Jim K
Jim K

Reputation: 13790

Return unpacked arguments

Is it possible to return unpacked arguments? What I am picturing is to return msg, *msg_args which would return a tuple such as (msg, msg_args[0], msg_args[1], msg_args[2]). This would allow me to send it to another function for string interpolation.

def add_to_message(msg, *msg_args):
    msg += "  I am %s."
    msg_args = list(msg_args)
    msg_args.append("fine")
    return(msg, *msg_args)

def display_localized_message(msg, *msg_args):
    """Translate message, then interpolate and print it."""
    print(msg % msg_args)

display_localized_message(
    *add_to_message("Hi %s.  How are %s?", "Peter", "you"))

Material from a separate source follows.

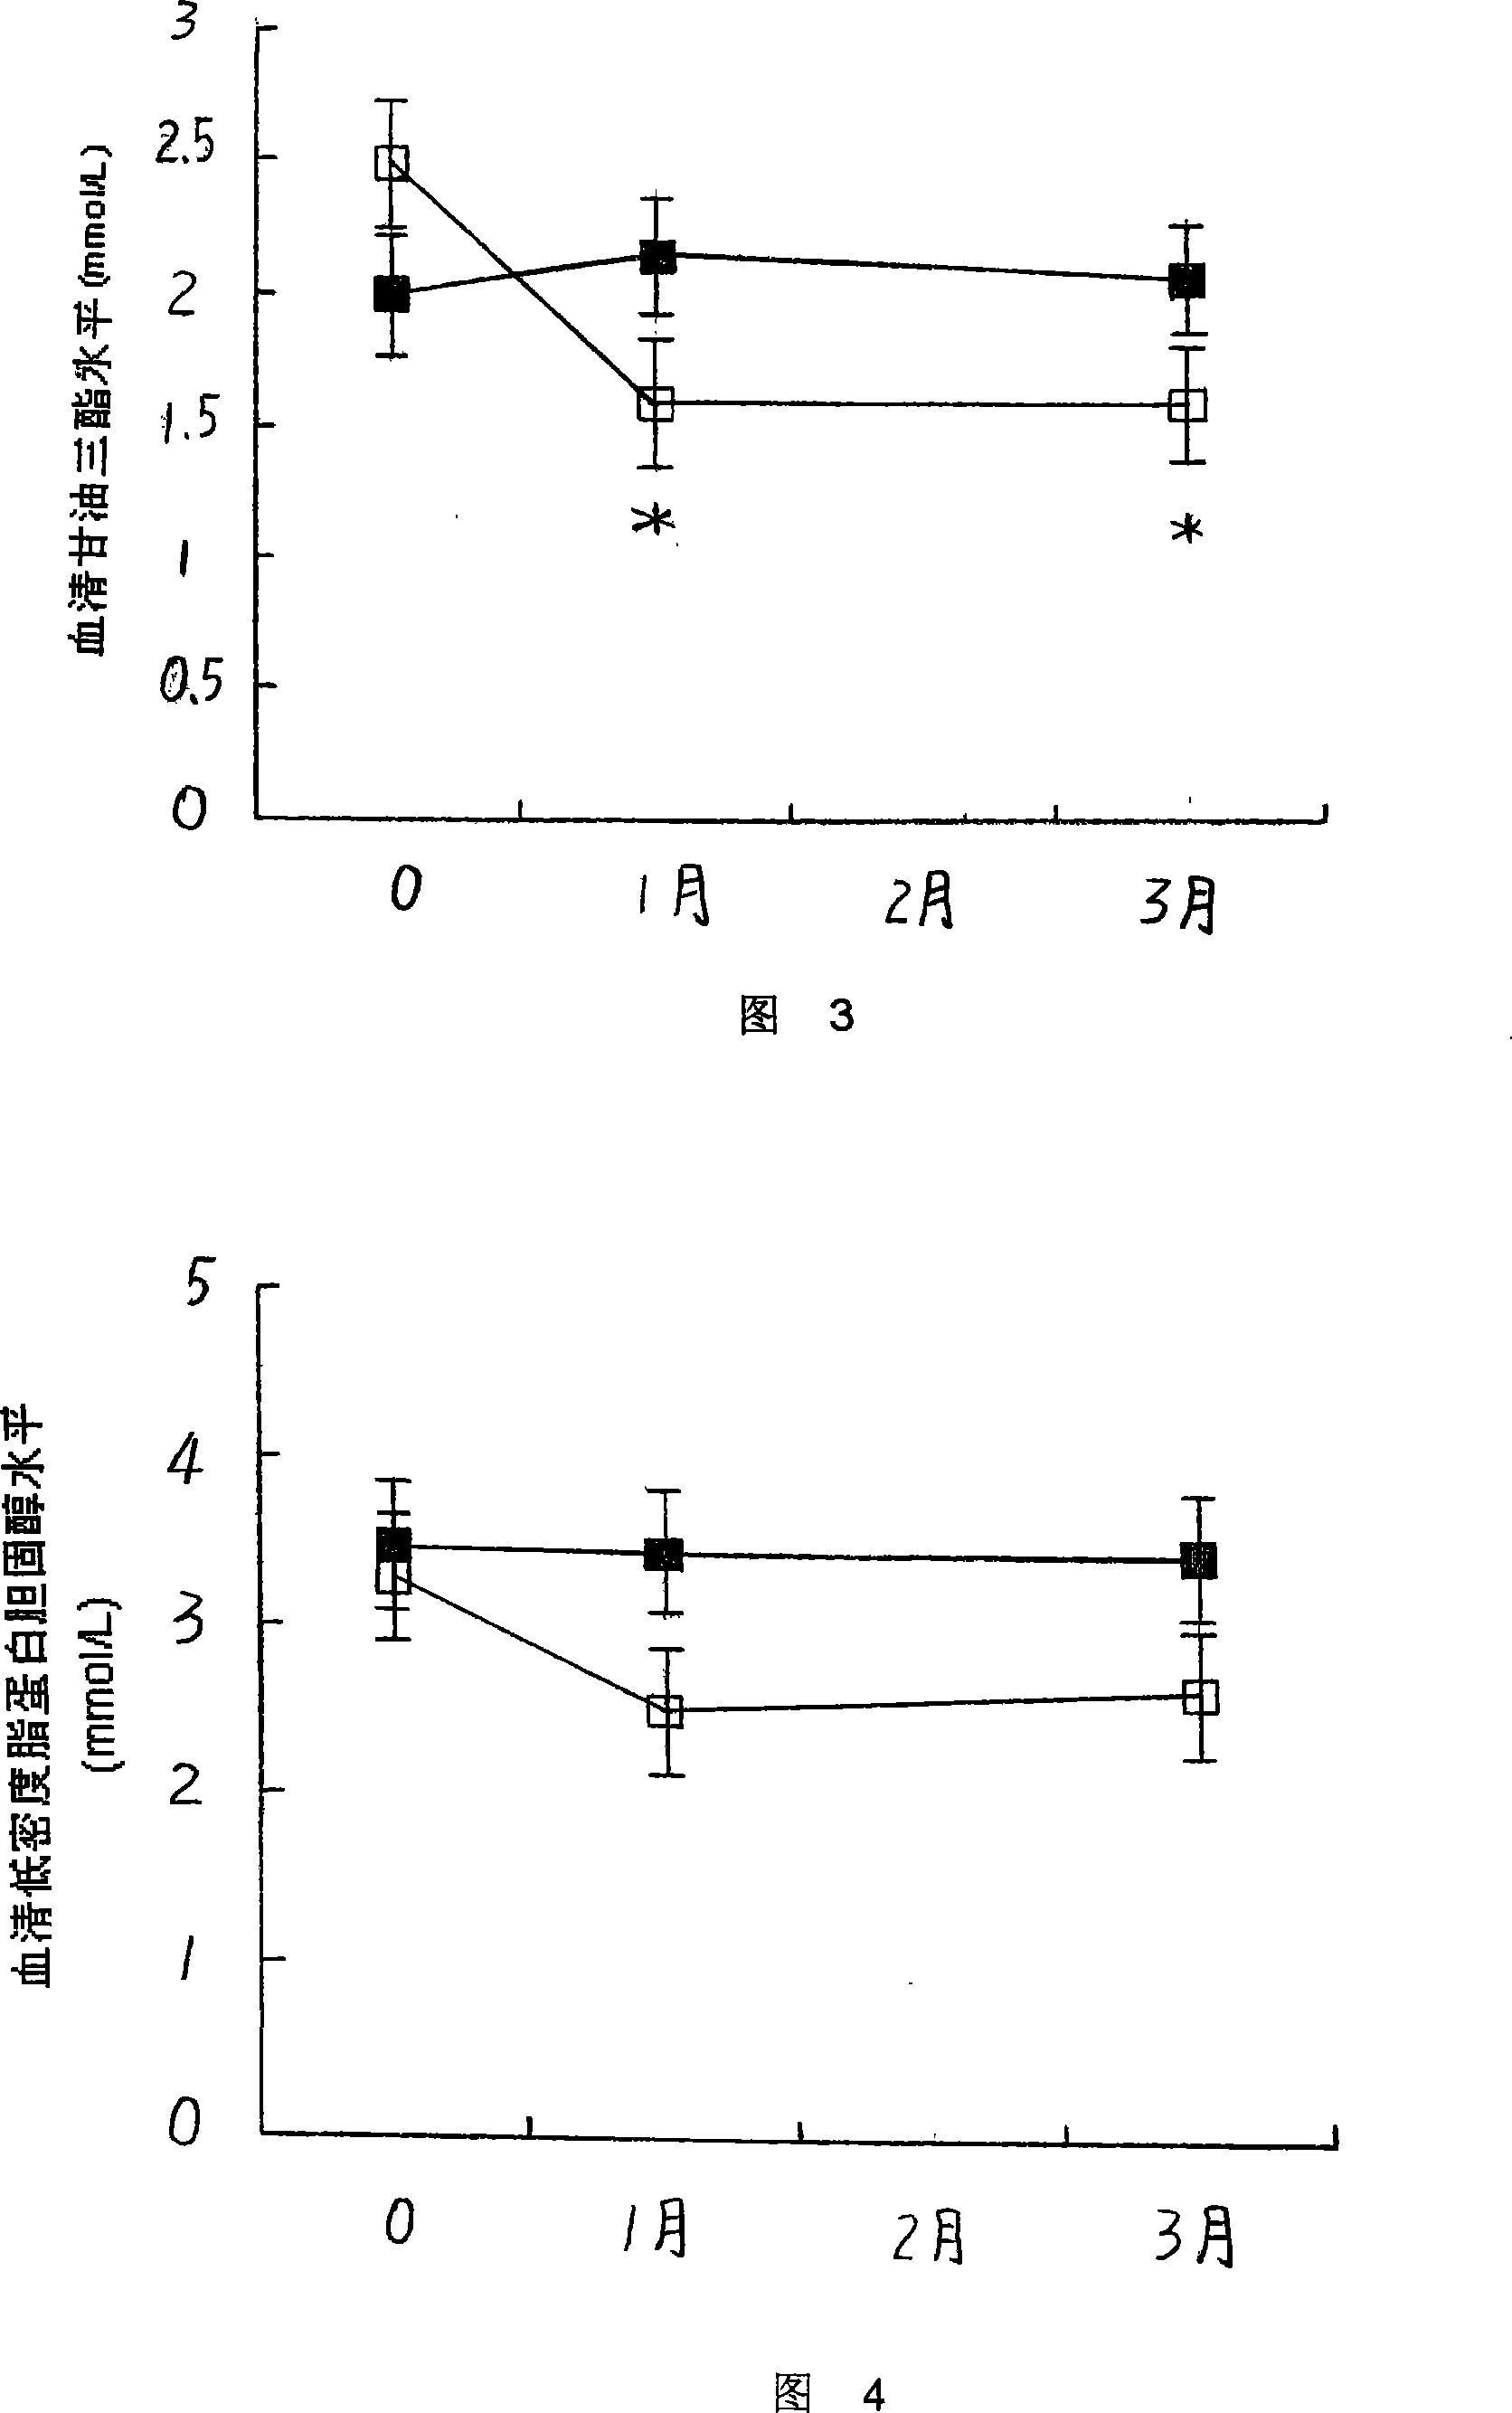 Use of berberine in treating metabolism complex

Desired results: print Hi Peter. How are you? I am fine.

Actual results: SyntaxError: can use starred expression only as assignment target. The line containing the error is return msg, *msg_args.

Upvotes: 3

Views: 1482

Answers (3)

Alex K
Alex K

Reputation: 8338

Simple. Just don't use the star and reference as a list.

def add_to_message(msg, *msg_args):
    msg += "  I am %s."
    msg_args.append("fine")
    return (msg,) + msg_args

The * is only used in the method definition to show that it will be a tuple of all of the rest of the arguments. Inside of the method, you reference that tuple without the star. It is just a tuple.

Upvotes: 0

ShadowRanger
ShadowRanger

Reputation: 155363

If you're not using Python 3.5+ with additional unpacking generalizations, you can't unpack as part of a return value. Just explicitly make the combined tuple through tuple concatenation:

return (msg,) + msg_args

Upvotes: 3

donkopotamus
donkopotamus

Reputation: 23176

In python versions prior to 3.5, simply construct a new tuple using it:

def add_to_message(msg, *msg_args):
    msg += "  I am %s."
    msg_args.append("fine")
    return (msg,) + msg_args

In python 3.5, your current syntax would be fine.